Wednesday, September 3, 2008

Never Say Never

So, I've decided to start rockin' the blog again. There are so many major and minor things that have happened in my life since april and i hope that, in sharing with others, I can find purpose and beauty in my story as you discover it in yours.

God's teaching me a really important lesson right now: never ever (under any circumstances) say never.

I have this awful habit of vowing to never ever do things that I dislike again. But I realize that if you're only willing to except your desired outcome, you'll miss out on what God has for you (His will) - even if it means taking you back to the times and places you never thought you'd have to revisit.

Case(s) in point:

I swore -after a ridiculously long, exhausting, eventful month in South Dakota- that I'd NEVER EVER return. I rejoyced and celebrated freedom as we crossed into Wyoming on July 21st. On August 2nd I made a spontaneous decision to drive back out to Colorado from Minneapolis with two of my friends. The chosen path___ Straight through South Dakota. (Mount Rushmore is SO much more exciting the 2nd time around!!) But if I would have stuck to my guns- I would have missed out on a really amazing road trip and week spent with people I love. I never thought I'd go back through SD- let alone just 1 week later! But I wouldn't trade those memories and what God showed me in SD for anything.

I also swore that after 5 years of selling shoes at a mall I'd never ever go back. My last day of work in May was a glorious celebration. And then I came back this fall and realized that I didn't enjoy not having any cash-money-flow. Even tho I swore I'd never go back, I just worked an 8 hour shift. And in this time, it's been really great to connect with my co-workers and share in the familiarity of our friendship.

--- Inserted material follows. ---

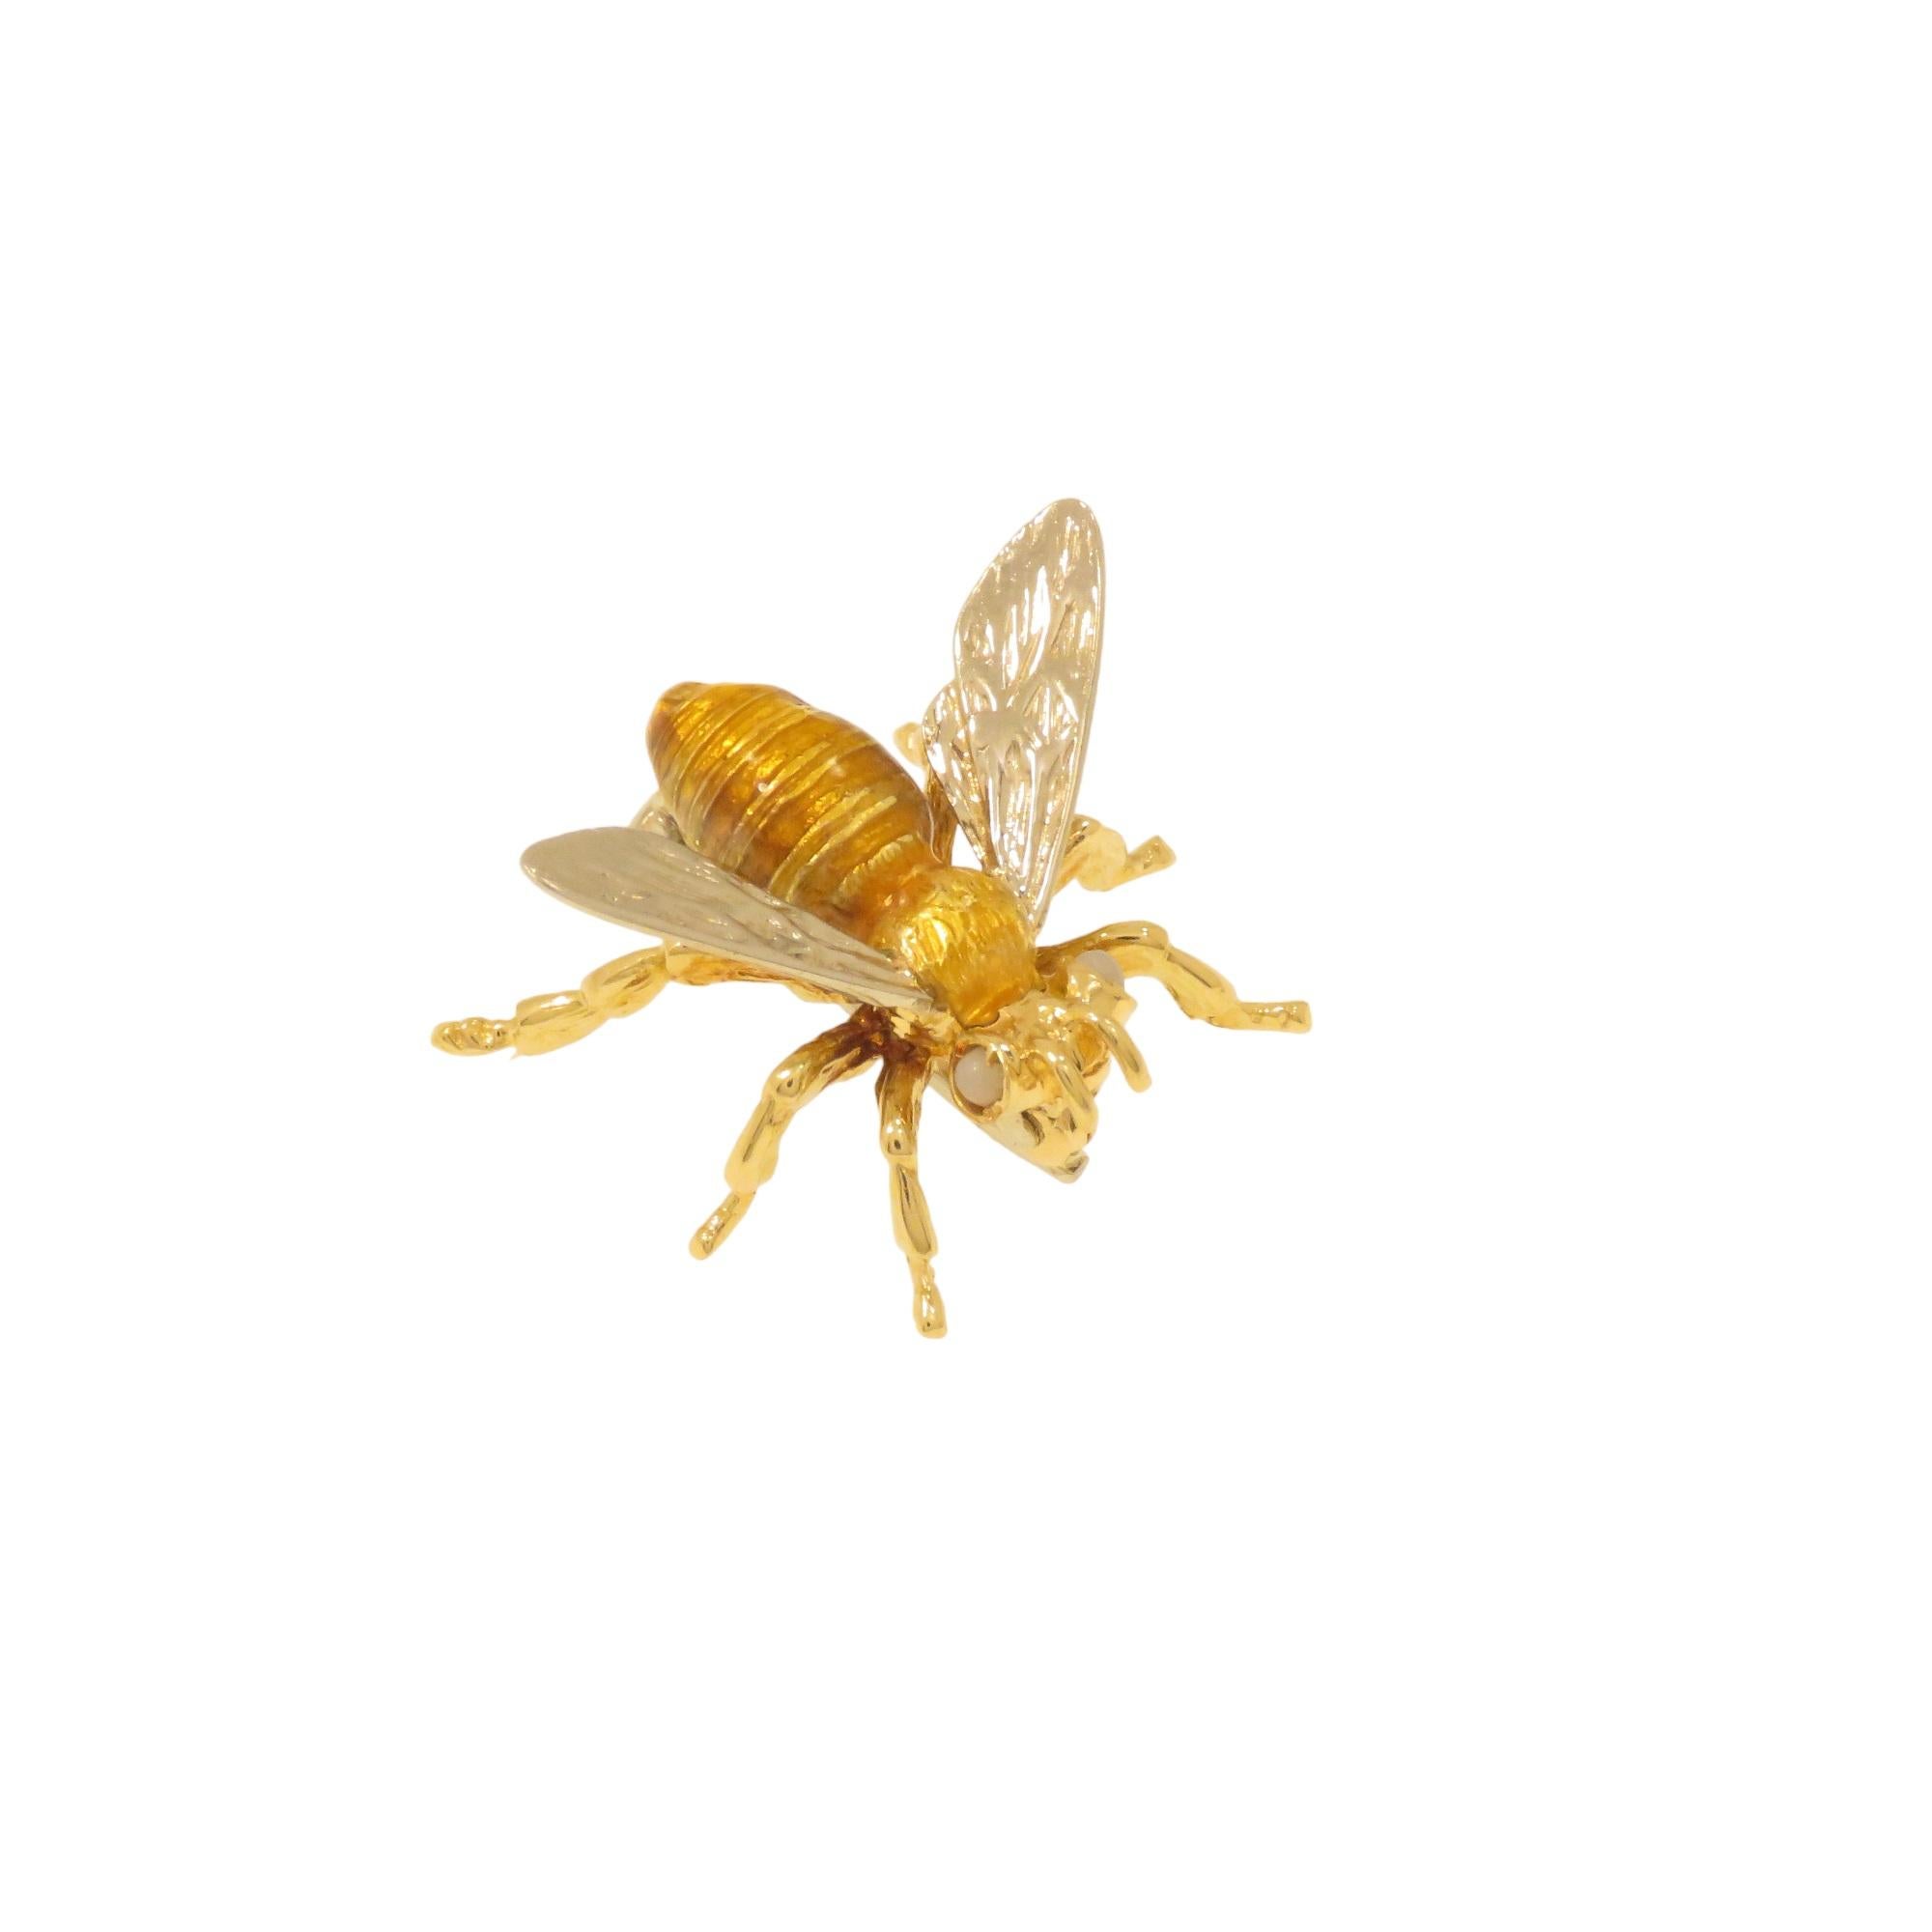 Questa spilla rappresenta un'ape ed è realizzata a mano curando i mini particolari. Prodotta in Italia tra il 1960 e 1970. Il corpo è in oro giallo 18 carati con smaltatura a fuoco e le ali in oro bianco sempre 18 carati. Negli occhi sono

Here's the big one: the life changer:

you know what else I swore I’d never do? Move home. Guess what I’m going to do in a couple weeks. This is huge for me. I was just reading an e-mail I sent my pastor in April, and I realized that I've know this day was coming all along. God has placed home and the people there on my heart. And while there is so much of me that wants what I want (Eau Claire, Minneapolis, Atlanta...anywhere but Kenosha) I know that this is one of the most obedient/mature thing I've ever done.
Look at the Bible: nobody gets their desired outcome. Daniel. Peter. Paul. Shadrak, Meshach, Abednego. Nobody’s lives turned out the way they thought they would. But when they lost their dream (their desired outcomes) they were invited, through their relationship with The Creator, to inherit more and better life than they'd ever dreamed. I want that. I want more and better life.

Paul stopped in Ephesus (Acts 18) and the people there begged for him to stay and teach and live with them. They loved him and he loved them. But Paul knew that he had to leave (check out my first blog…yeah) He knew that if God willed it, he’d come back to those people one day. That’s exactly how I feel about my Valleybrook family here in Eau Claire. I feel their love for me (like I’ve never known love before) and I love them from a deep place inside me. But this isn’t the time for me to stay. God has called me to Kenosha. And if I don’t go, people there will miss out on signs and wonders. He’s calling me for a reason. I don’t know what my job title will be, or how long I’ll have to live with my parents, but I know that when the Holy Spirit speaks into your heart and you obey, God will provide in abundance.

I know that I want what God wants. I know that He is who He says He is, and He’ll do what He said He’ll do. I live in this truth. I’d like to say that I’m terrified for the weeks to come. But I’m not. I’m sad, and I have to grieve what will be lost. But I rejoice knowing that God has something more and better for me than I can even begin to dream up. And so - I must leave.